A consciência de que o tempo passa

A ideia de felicidade, que o filme investiga, é desde o início acompanhada como uma sombra pela ideia da morte, da passagem do tempo como perda. “A consciência de que o tempo passa é sempre dolorosa: essa é a quota da vida”, dirá o narrador já quase no final do filme. É uma frase que ele toma emprestada de Eduardo Coutinho (1933-2014), cineasta de filmes como Cobra Marcado para Morrer (1984), As Canções (2011) ou Últimas Conversas (2015) — que Salles terminou de montar e estará em cartaz também no Cinema Ideal.

No Intenso Agora tem a morte da mãe do próprio Salles em pano de fundo e tem depois as imagens dos sucessivos funerais políticos de 1968: em Paris, em Praga (quando Jan Palach se imolou pelo fogo), no Rio de Janeiro (onde o estudante Edson Luís foi assassinado pela polícia). A morte está implícita até na dedicatória: Coutinho, a quem No Intenso Agora é dedicado, morreu enquanto o filme estava a ser feito. E há um momento em que o narrador diz — de maneira sem dúvida sincera, mas que soa quase irónica — que, na sua opinião, o filme mais bonito sobre 1968 é Morrer aos Trinta Anos (de Romain Goupil, 1982): um filme que já traz a morte no título. Quando comento isso com Salles, ele ri-se.

“Foi tacteando, às apalpadelas”, que fez o percurso que o levou das imagens da mãe, na China, para o Maio de 68, e que o conduziu a olhar para fenómenos políticos a partir de temas existenciais, como a nostalgia, a morte. Em 2011, passou seis meses a ensinar na universidade de Princeton, nos EUA, e nos tempos livres aproveitava para explorar a biblioteca. “Naquela altura eu já tinha começado a pensar no filme, que então era só sobre a minha mãe e sobre a Revolução Cultural. Lendo sobre a China, começaram a aparecer-me relatos dos jovens maoístas franceses que por lá passaram no mesmo período. Um deles foi o Robert Linhart, que passa pela China poucos meses antes da minha mãe e sente um encantamento que me chamou muito a atenção. Por conta disso, acabei por ir ler o Linhart sobre a experiência dele em 1968, e depois as memórias de outras pessoas — trotskistas, como o Alain Krivine, o Daniel Bensaïd, anarquistas, como Cohn-Bendit e outros. E então dei-me conta de que — em todos eles — existe essa questão: aquilo foi tão poderoso, como se pode viver depois disso? Foi aí que a conexão se fez — uma conexão que não é política, mas que é, digamos, ‘existencial’. As coisas foram-se juntando de maneira muito intuitiva, sem muita certeza de que fosse possível transformar isso em filme. E há muita gente que acha que não é, que a conexão é artificial. Acho que a Laís [Lifschitz] e o [Eduardo] Escorel embarcaram mais rapidamente do que eu na possibilidade de as coisas se juntarem. Eu, dependendo do dia e da hora, ainda tenho dúvidas, ainda me pergunto. No Santiago havia pelo menos um personagem.”

Um filme falado

A personagem que dá unidade a No Intenso Agora é o próprio Salles, enquanto narrador. Agora a voz é realmente a sua.

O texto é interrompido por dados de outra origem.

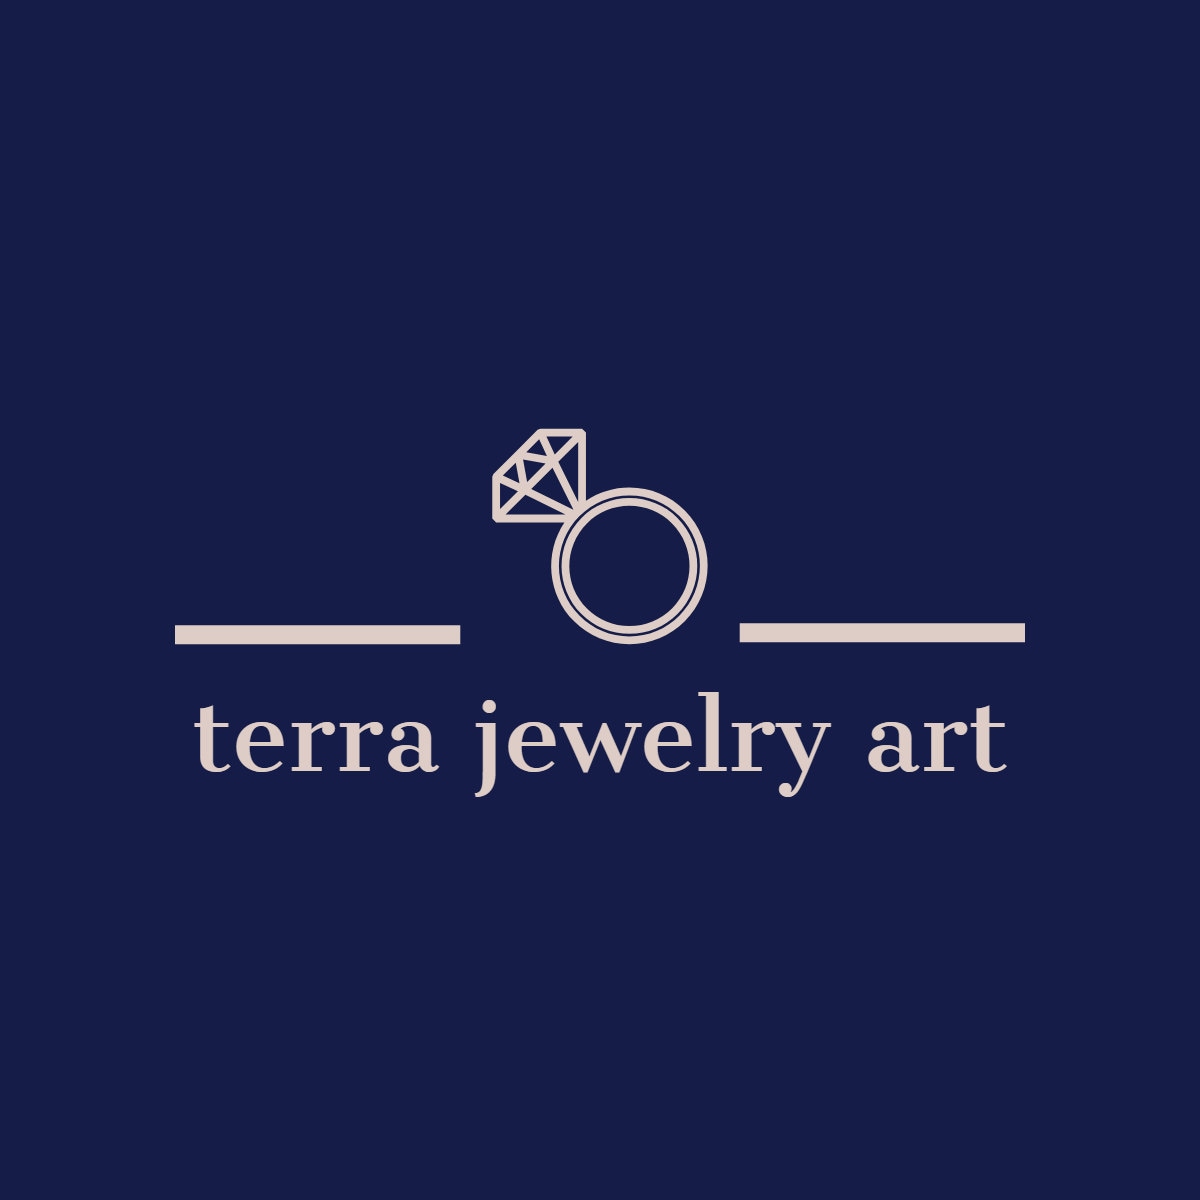 TerrajewelryArt - Etsy

“Seria um tanto barato se fosse usar novamente o mesmo truque”, reconhece Salles. “No caso de Santiago, boa parte das memórias de que o filme fala são compartilhadas: o meu irmão também viveu naquela casa, conheceu o Santiago, nós temos o mesmo pai. Além disso, Santiago é um filme que coloca em questão a veracidade de uma série de coisas: se as imagens que vemos foram ensaiadas, o que é que foi dito sinceramente pelo Santiago e o que foi dito porque eu lhe pedi, etc. Ao fim de 13 anos, quando revi o que tinha gravado com o Santiago para finalmente fazer o filme, eu já não sabia ao certo quais as cenas que tinham sido manipuladas ou não. O filme tinha esse elemento de ludíbrio, de engano, de saber se o que o espectador vê é mesmo o que parece. A voz do meu irmão falando em meu nome acrescenta uma camada a esse jogo. Não fiz com essa intenção, mas acabei por gostar.”

Salles nunca filmou ficção, por isso nunca dirigiu actores. Mas dirigiu Santiago um pouco como se ele fosse um actor e em No Intenso Agora teve de decidir como queria representar-se a si mesmo. “Enquanto narrador, eu sou em certa medida personagem: não pode ser a minha voz, tem de ser a minha voz um pouco modificada. Falo muito baixo, não projecto a voz. Tomei isso de empréstimo do Marker, que nos filmes dele fala quase como se estivesse conversando ao pé do ouvido do espectador.”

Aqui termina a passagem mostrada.